Fusion power is still, of course, fifty years away.
The Victorians are morphing into goths before Manfred’s culture-shocked eyes.
“You looked lost,” explains Monica, leaning over him curiously. “What’s with your eyes?”
“I can’t see too well,” Manfred tries to explain. Everything is a blur, and the voices that usually chatter incessantly in his head have left nothing behind but a roaring silence. “I mean, someone mugged me. They took—” His hand closes on air: Something is missing from his belt.
Monica, the tall woman he first saw in the hospital, enters the room. What she’s wearing indoors is skintight, iridescent and, disturbingly, she claims is a distributed extension of her neuroectoderm. Stripped of costume-drama accoutrements, she’s a twenty-first-century adult, born or decanted after the millennial baby boom. She waves some fingers in Manfred’s face: “How many?”
“Two.” Manfred tries to concentrate. “What—”
“No concussion,” she says briskly. “ ’Scuse me while I page.” Her eyes are brown, with amber raster lines flickering across her pupils. Contact lenses? Manfred wonders, his head t
urgid and unnaturally slow. It’s like being drunk, except much less pleasant: He can’t seem to wrap his head around an idea from all angles at once, anymore. Is this what consciousness used to be like? It’s an ugly, slow sensation. She turns away from him. “Medline says you’ll be all right in a while. The main problem is the identity loss. Are you backed up anywhere?”

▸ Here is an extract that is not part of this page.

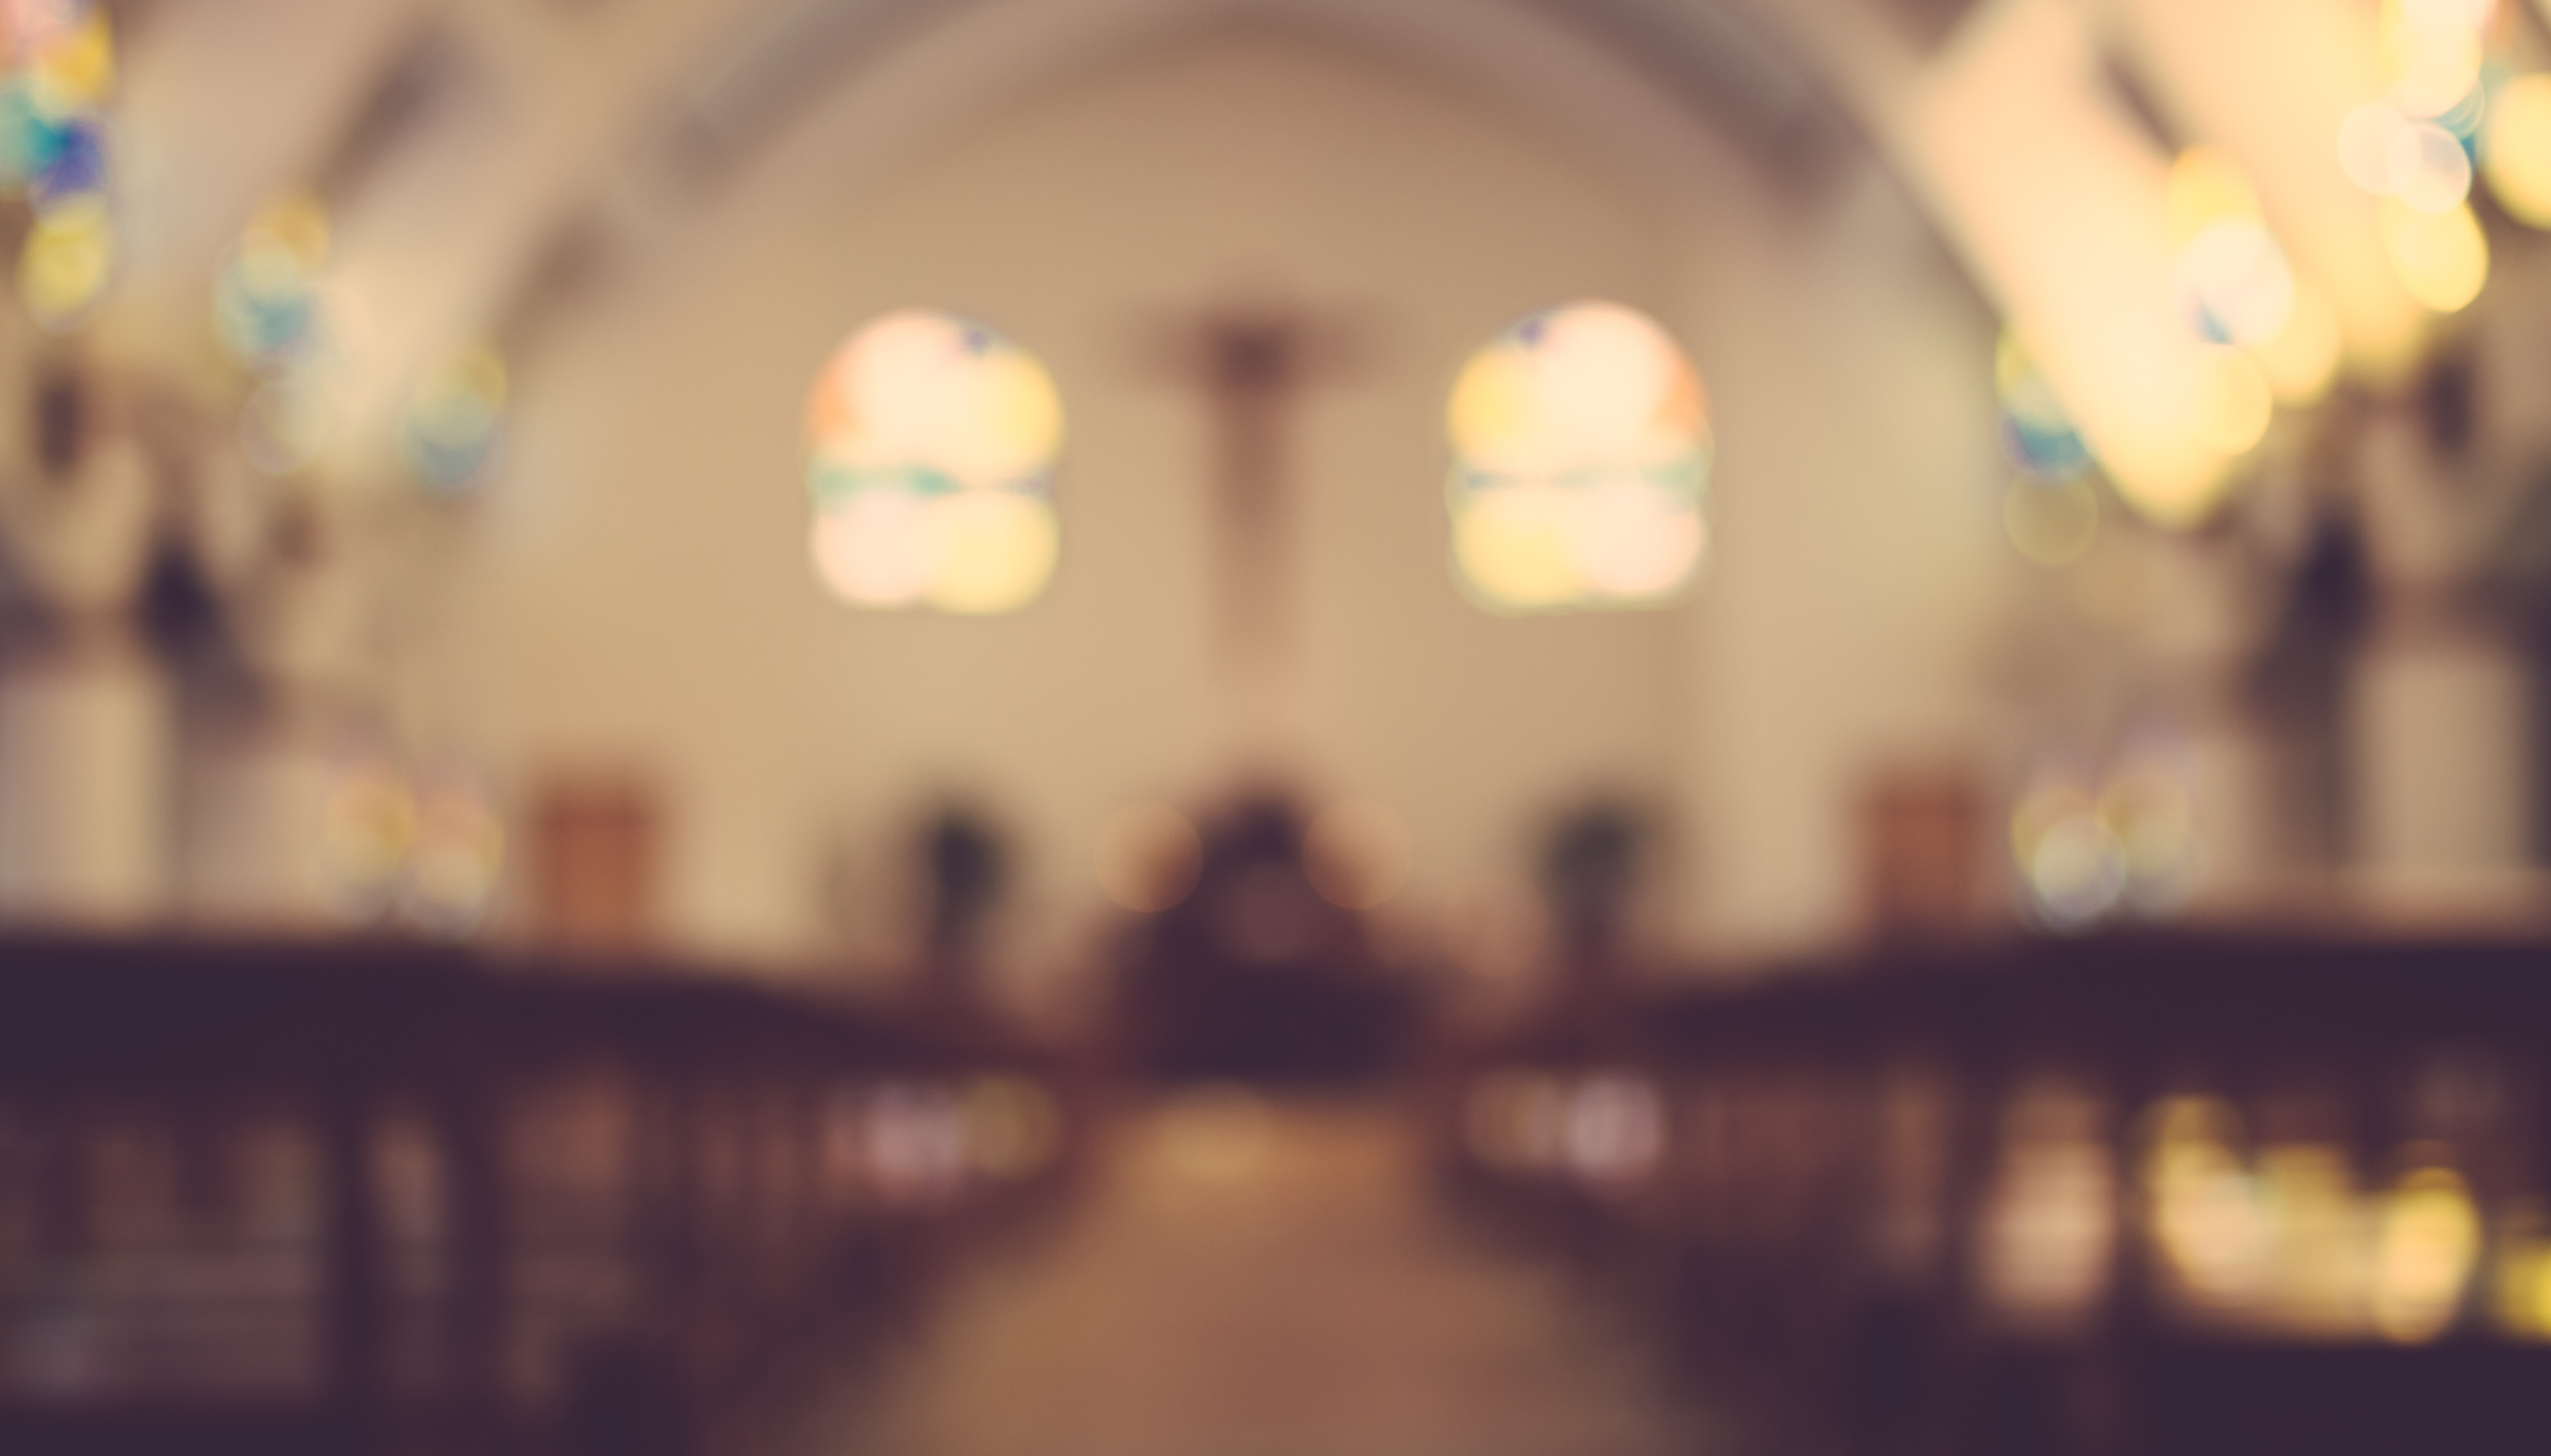 Blurred photo of church interior

“Here.” Alan, still top-hatted and muttonchopped, holds out a pair of spectacles to Manfred. “Take these. They may do you some good.” His topper wobbles, as if a strange A-life experiment is nesting under its brim.

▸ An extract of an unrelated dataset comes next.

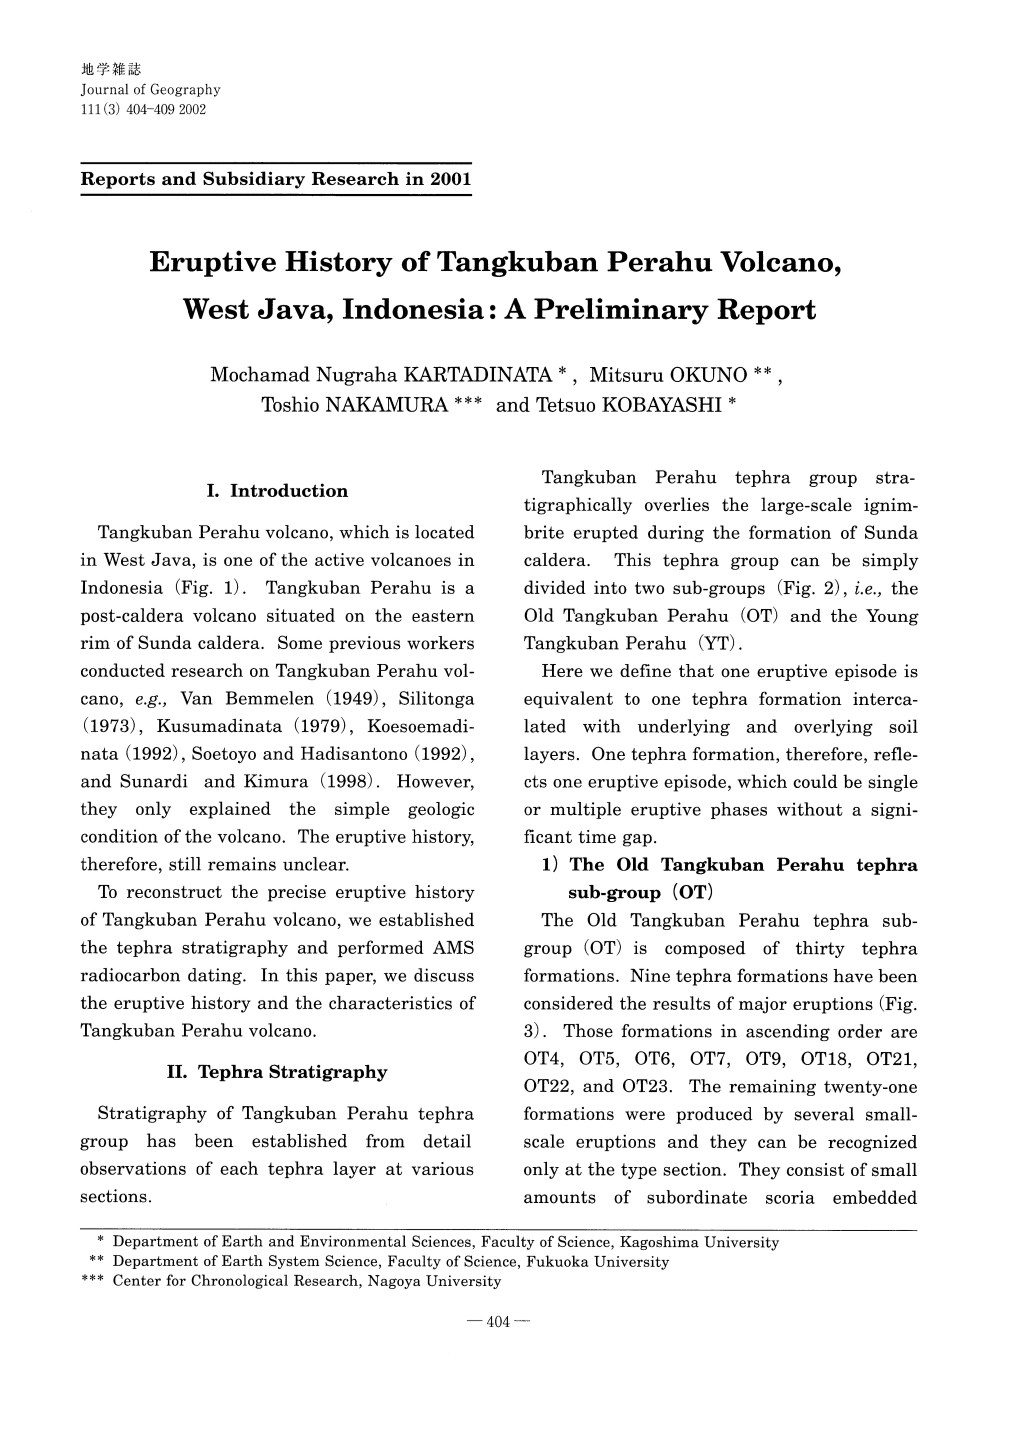 Eruptive History of Tangkuban Perahu Volcano, West Java, Indonesia

“Oh. Thank you.” Manfred reaches for them with a pathetic sense of gratitude. As soon as he puts them on, they run through a test series, whispering questions and watching how his eyes focus: After a minute, the room around him clears as the specs build a synthetic image to compensate for his myopia. There’s limited net access, too, he notices, a warm sense of relief stealing over him. “Do you mind if I call somebody?” he asks. “I want to check my backups.”
“Be my guest.” Alan slips out through the door; Monica sits down opposite him and stares into some inner space. The room has a tall ceiling, with whitewashed walls and wooden shutters to cover the aerogel window bays. The furniture is modern modular, and clashes horribly with the original nineteenth-century architecture. “We were expecting you.”
“You were—” He shifts track with an effort. “I was here to see somebody. Here in Scotland, I mean.”
“Us.” She catches his eye deliberately. “To discuss sapience options with our patron.”
“With your—” He squeezes his eyes shut. “Damn! I don’t remember. I need my glasses back. Please.”
“What about your backups?” she asks curiously.
“A moment.” Manfred tries to remember what address to ping. It’s useless, and painfully frustrating. “It would help if I could remember where I keep the rest of my mind,” he complains. “It used to be at—oh, there.”